Posted by Herman Najoli on October 4, 2010

We all experience moments in life when obstacles seem to crowd our goals and aspirations. Whether you are a leader of an organization, an employee in a department, a small-business owner, a student, the President or even just a regular guy, we have all experienced many barriers to our goals. I’ve seen so many people with great dreams that would add tremendous value to society but every time they try to plug into their dreams, they get knocked down by societal barriers.

Regardless of your situation or status in life, you to know that you can smash any barriers that hinder your life goals and your organization’s direction. I know this full well because my life has been about smashing barriers. I come from a community that is not well regarded in terms of access to higher positions in my country – Kenya. I was denied the opportunity to come to the United States four times before I finally got the Visa. I came to this country with a big dream and only $140 in my pocket. Imagine all the barriers I have had to surmount in order to get to where I am now. When I told people that I wanted to speak for a living, a lot of them said, “You are barking up the wrong tree, son. You’ve got a heavy African accent, no money, no contacts, ….how do you ever expect to do this?” Well, I didn’t have to know the “how” since I had a solid “why”. My passion has been one – to help people – and that is why barriers are getting smashed as I begin to slice the frontiers of developing people and empowering them to live a better life. Here are some ideas:

Three Core Hammers for Smashing Through Barriers

1. Generate a Solid Idea of Your Life Purpose

Purpose is the key to understanding the “why” of life.
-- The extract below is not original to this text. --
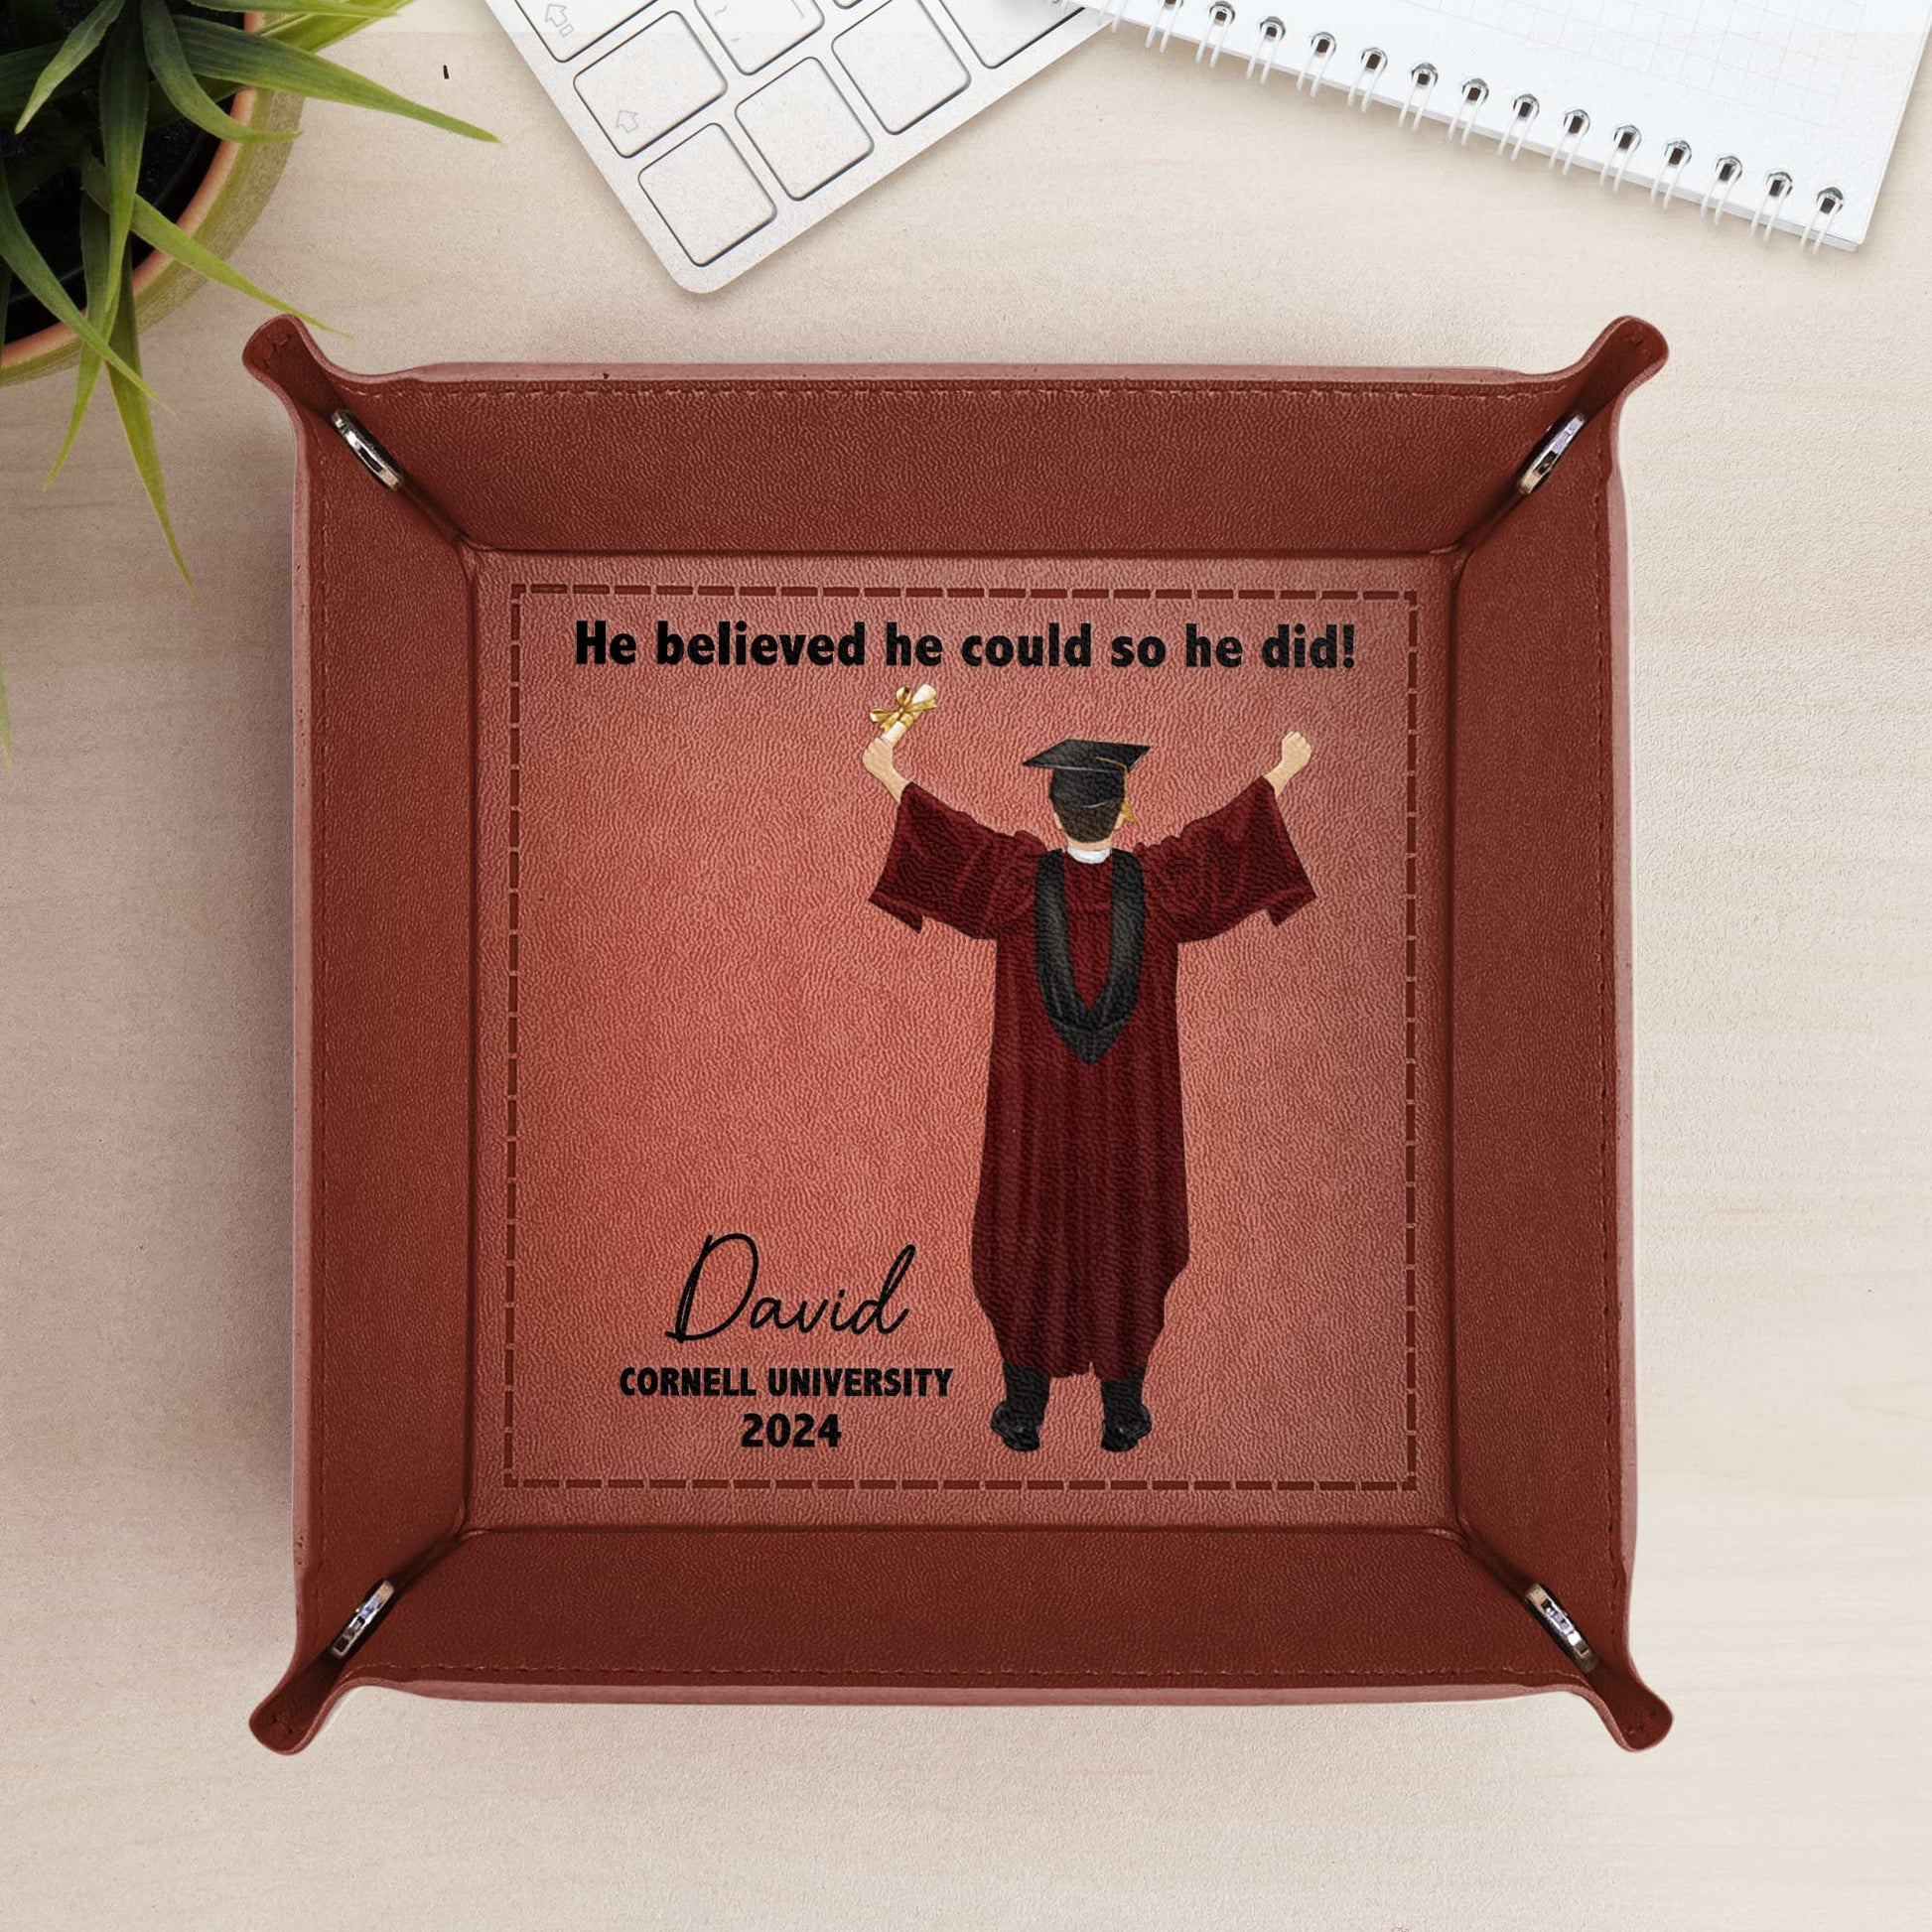 Graduation Gift He Believed He Could So He Did! - Personalized Leather Valet Tray

When you know what your purpose is, you will not lose heart in the face of obstacles and barriers. Understanding purpose enables you to stay committed and motivated towards pursuing your goals. Purpose produces passion and that is essential in overcoming challenges. Leaders in organizations need to have a clear picture of what the organization’s purpose is.

2. Develop an Enduring Vision

Lots of people have vision but very few stick to it when barriers come their way. If you will smash through barriers, you need to have an enduring vision. The United States as a country has come through many generations of challenges because of an enduring vision that was cast by the founding fathers. I succeeded in finally being able to come to the United States because I had an enduring vision.
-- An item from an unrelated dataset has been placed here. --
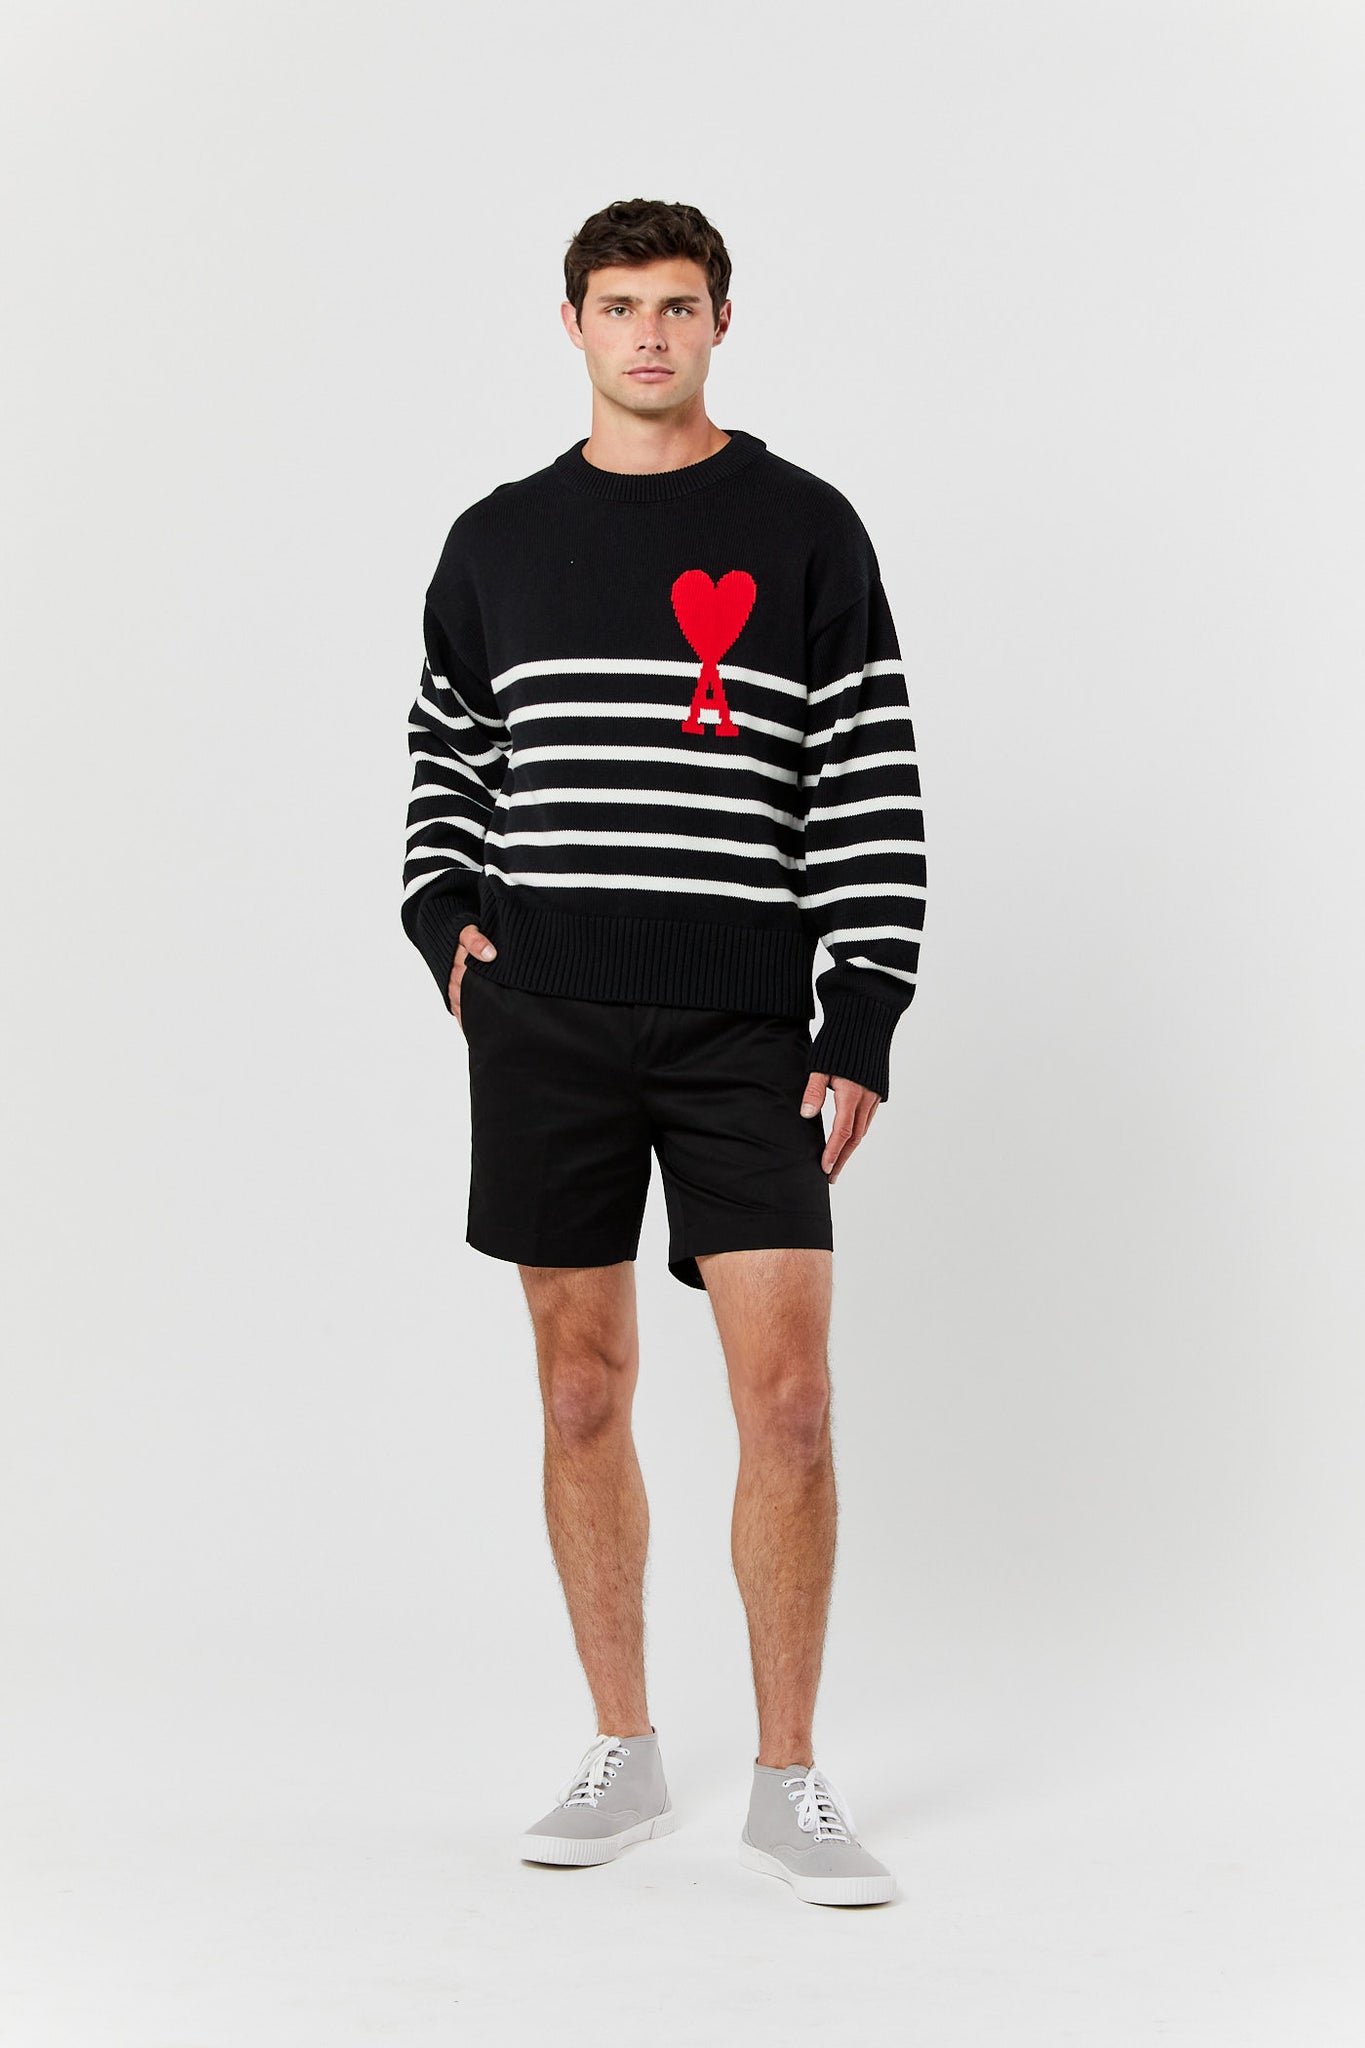 Black and White Adc Striped Sweater

3. When Knocked Down, Get Back Up – Be Persistent!

I like reading biographies. One of the stories I have enjoyed so much was that of Abraham Lincoln. Lincoln had a steady stream of barriers throughout his life and he smashed through all of them. Look at this:

In 1816 his family was forced out of their home. He had to work to support them. In 1818 his mother died. In 1831 he failed in business. In 1832 he ran for state legislature and lost. In 1832 he lost his job and wanted to go to law school but couldn’t get in.In 1833 he borrowed money from a friend to begin a business and by the end of the next year he was bankrupt. He spent the next 17 years of his life paying off this debt. In 1834 he ran for state legislature again and won. In 1835 he was engaged to be married. His sweetheart died and his heart was broken. In 1836 he had a total nervous breakdown and was in bed for six months. In 1838 he sought to become speaker of the state legislature but was defeated. In 1840 he sought to become elector but was defeated. In 1843 he ran for congress and lost. In 1846 he ran for congress again. This time he won, went to Washington and did a good job.In 1848 he ran for reelection to congress and lost. In 1849 he sought the job of land officer in his home state and was rejected. In 1854 he ran for Senate of the United States but lost. In 1856 he sought the Vice-Presidential nomination at his party’s convention and got less that 100 votes. In 1858 he ran for US Senate again – again, he lost. In 1860, Abraham Lincoln was elected President of the United States!

My! That’s a long list of barriers for just one single guy! But you know what? He had purpose, vision and persistence. You can do it too! Let’s smash through barriers!

Posted in Creating, Engaging, Fulfillment, Interacting, Leadership, Organization, Participating, Wisdom | 1 Comment »

Firing Missiles from Canoes

Posted by Herman Najoli on September 11, 2010

Robert Schuller once said that “You can’t fire a missile from a canoe”. A leader’s vision for his organization may sometimes be limited by current structures in the organization. There are also times when vision may be limited by structures that are not present within the organization. The organization’s objectives too play a great role in determining the results that will be yielded. There must be a solid foundation that ensures that any goals pursued will be achieved satisfactorily.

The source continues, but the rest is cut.